Comment les machines parlantes vont-elles transformer la société ? L’arrivée massive -et irréversible- de ces robots dotés de la parole risque de bouleverser notre rapport aux autres et au monde. Dans L’emprise insidieuse des machines parlantes, parue mercredi, Serge Tisseron, psychiatre et spécialiste des questions liées à nos relations aux objets, met en garde contre les dangers des chatbots et autres assistants vocaux qui pourraient, dans le futur, avoir de plus en plus d’influence sur nos comportements.

Serge Tisseron, psychiatre, auteur de «L'Emprise insidieuse des machines parlantes» (Les liens qui libèrent)
Serge Tisseron, psychiatre, auteur de «L'Emprise insidieuse des machines parlantes» (Les liens qui libèrent) - Marchi

Pourquoi la voix est-elle si déterminante dans notre relation aux machines ?

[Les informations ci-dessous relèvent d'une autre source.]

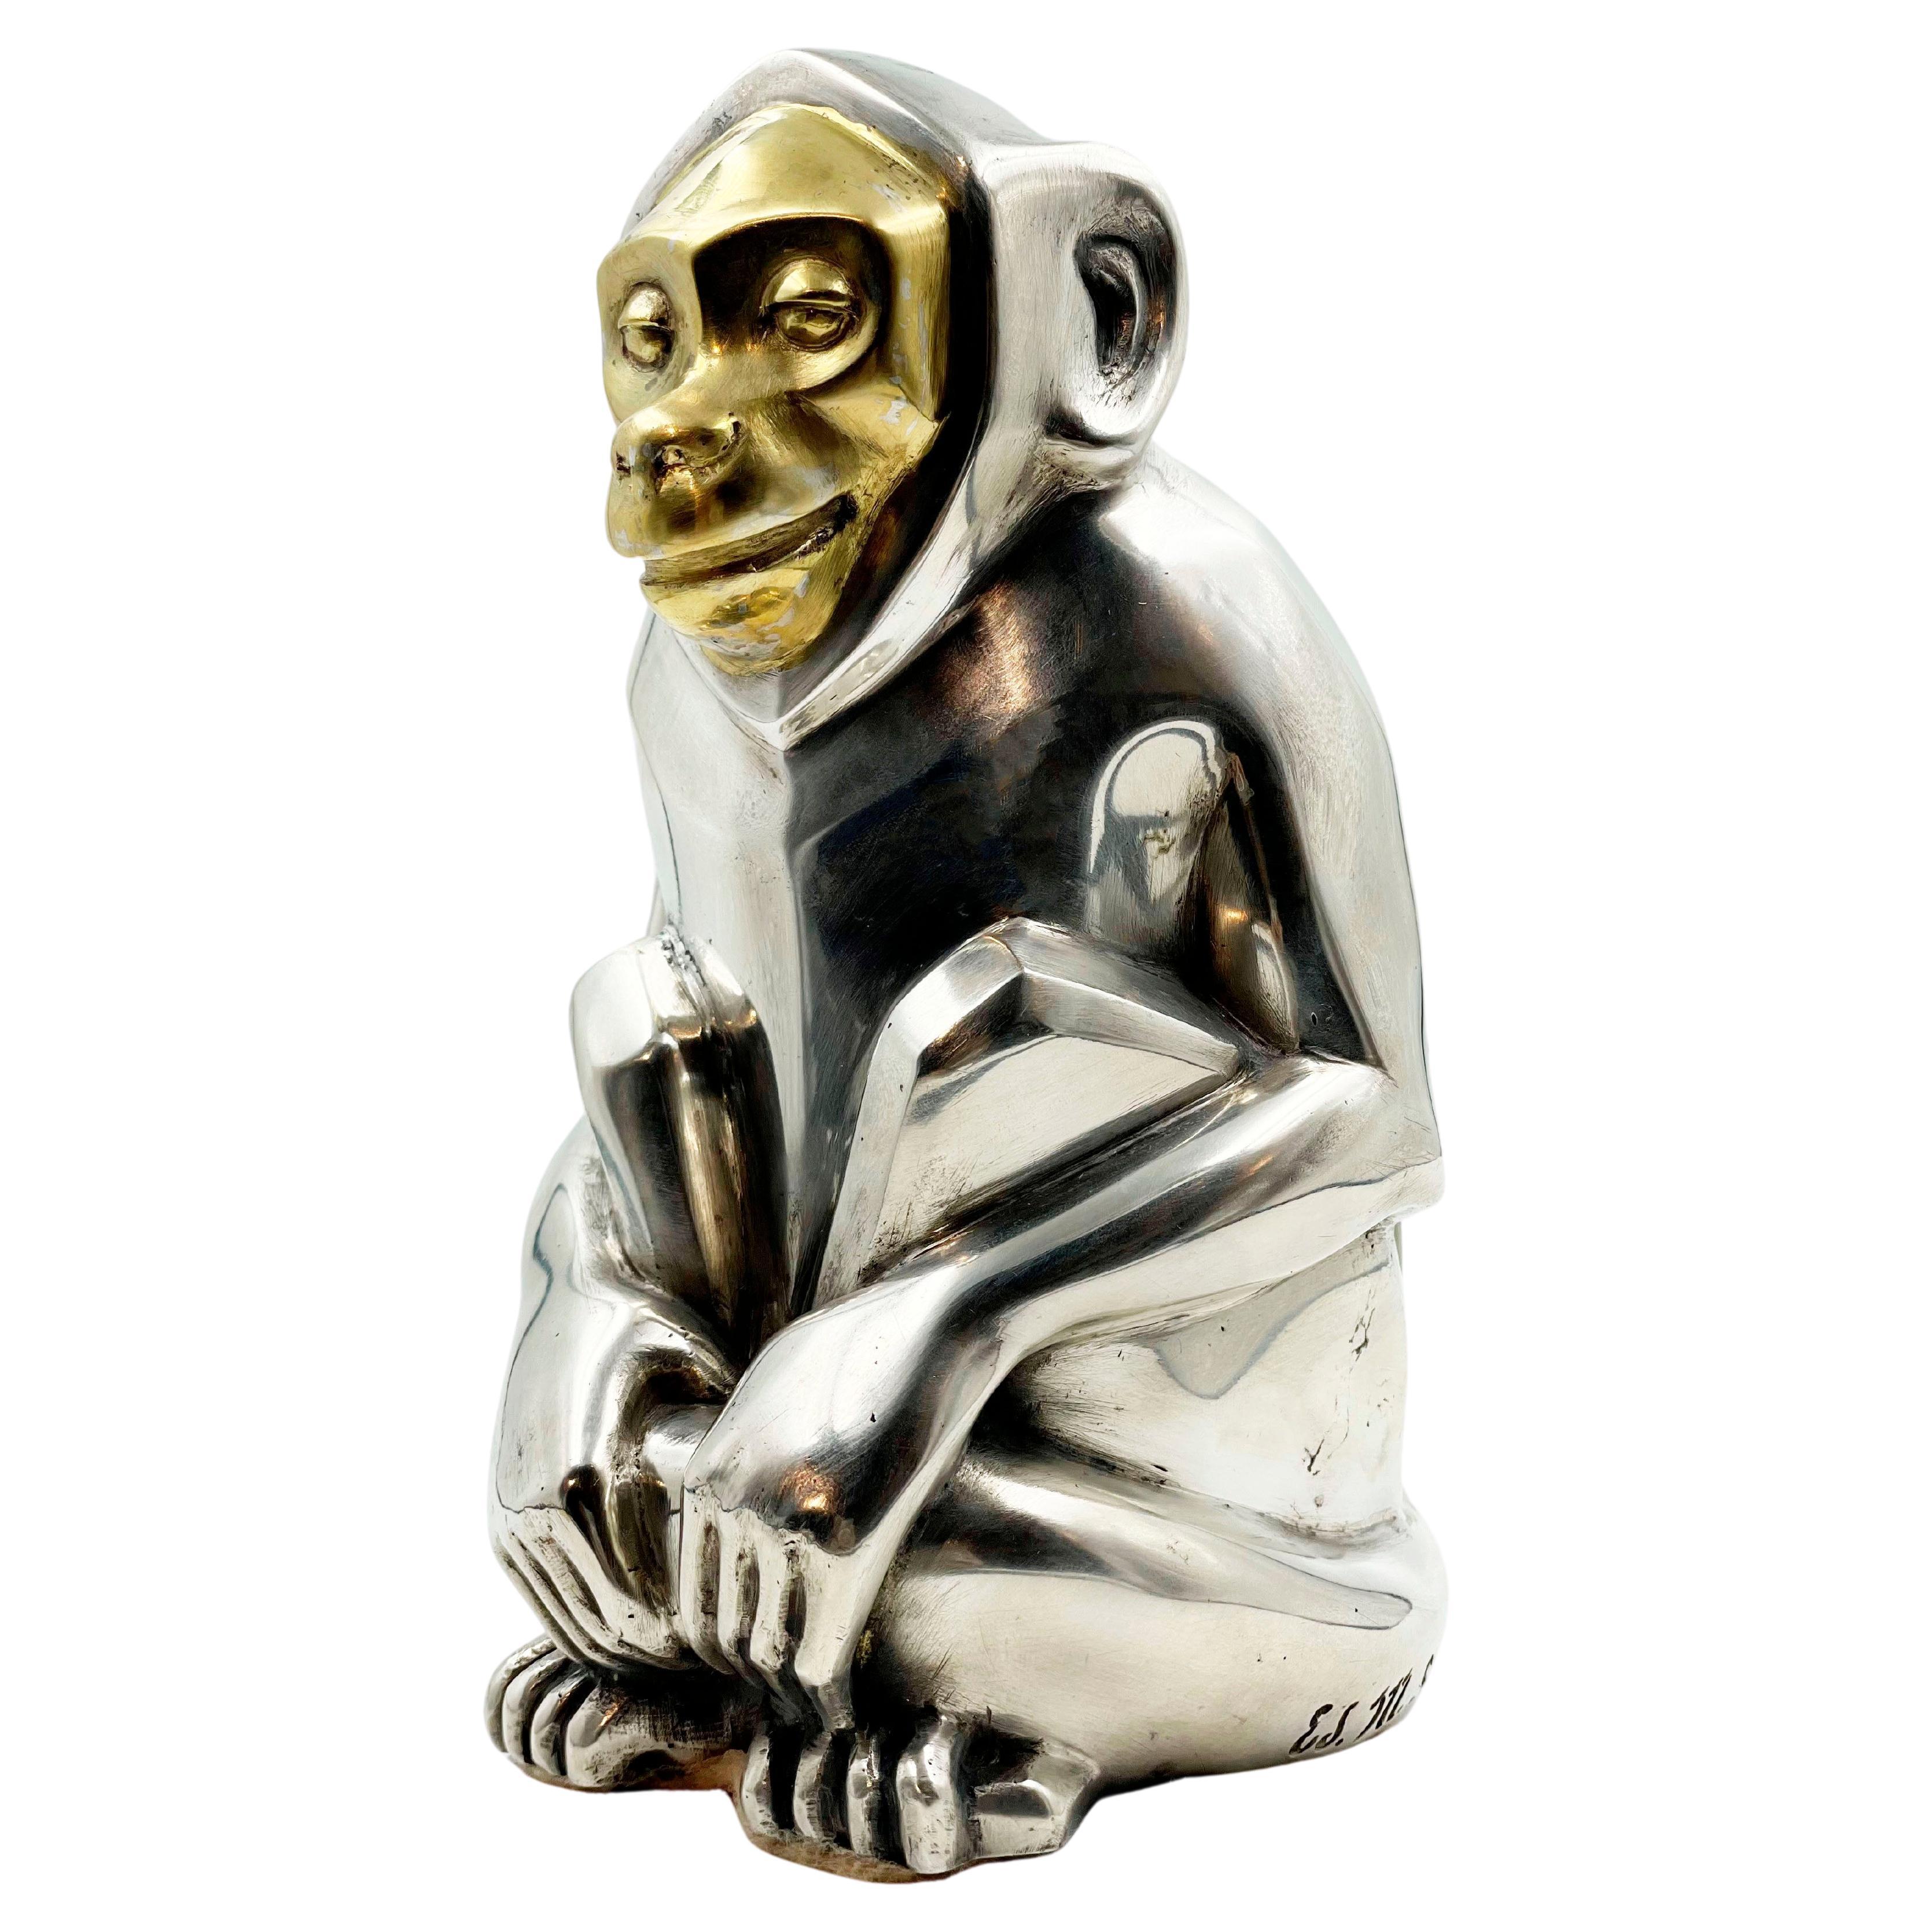 Bronze Edouard Marcel SANDOZ 1930  "Seated monkey"

La voix a toujours été recherchée par les humains comme la preuve d’une présence humaine. Ce sont les phrases : « Est-ce qu’il y a quelqu’un » ; « Qui est là ? ». Il suffit d’ajouter la voix à une machine, même très simple, pour que notre relation à cet objet change. Dès qu’il y a la voix, il y a le désir d’interagir, de discuter, de se confier, exactement comme avec un être humain. On arrivera toujours à faire la différence entre un humain et une machine, mais la tentation, c’est d’intégrer la machine à notre réseau social au même titre qu’un être humain.

On peut déjà le voir au Japon où certaines personnes se marient avec des avatars holographiques, par exemple…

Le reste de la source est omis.